• **Dataset content**
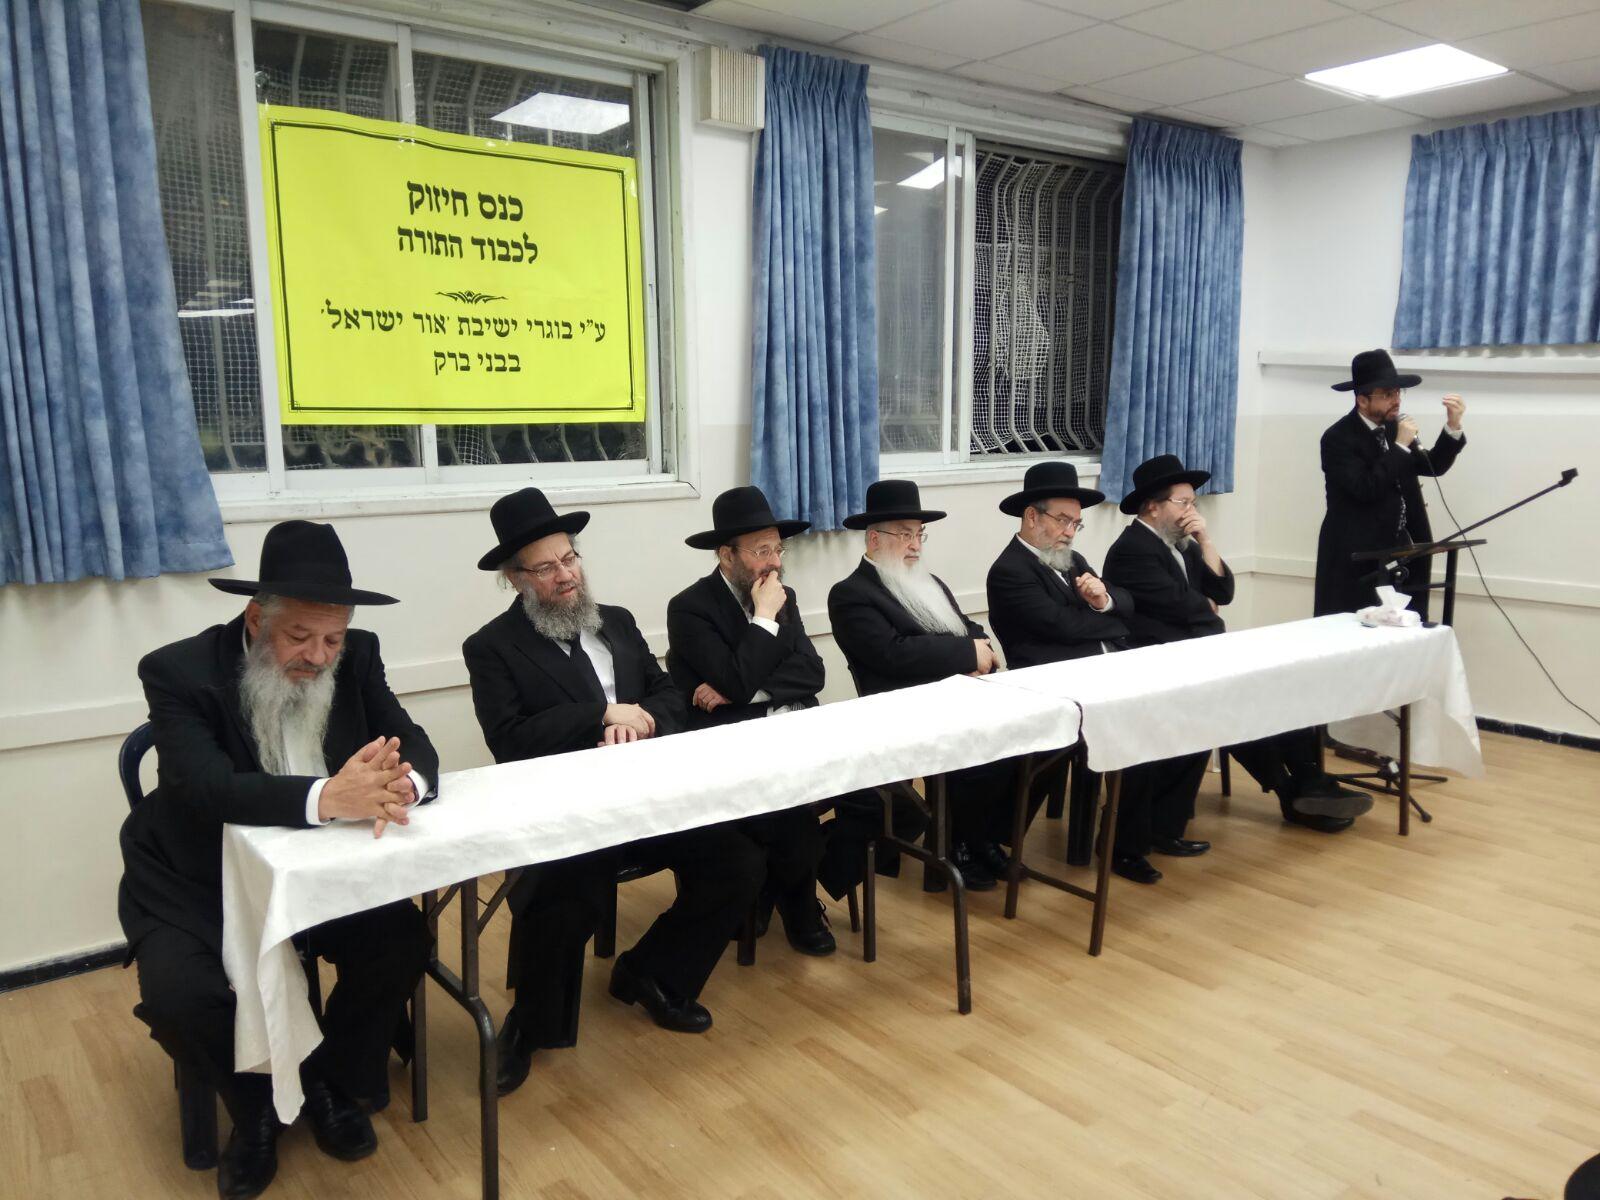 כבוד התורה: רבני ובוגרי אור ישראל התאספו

==

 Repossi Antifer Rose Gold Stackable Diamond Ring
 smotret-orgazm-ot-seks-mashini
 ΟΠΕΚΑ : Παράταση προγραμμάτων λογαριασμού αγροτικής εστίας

• **Instructions to follow**
From the entries above, print the lines beginning at the one with "Repossi Antifer Rose" and stopping after the one with "ΟΠΕΚΑ : Παράταση", exactly as written and with nothing else.

• **Finished task**
 Repossi Antifer Rose Gold Stackable Diamond Ring
 smotret-orgazm-ot-seks-mashini
 ΟΠΕΚΑ : Παράταση προγραμμάτων λογαριασμού αγροτικής εστίας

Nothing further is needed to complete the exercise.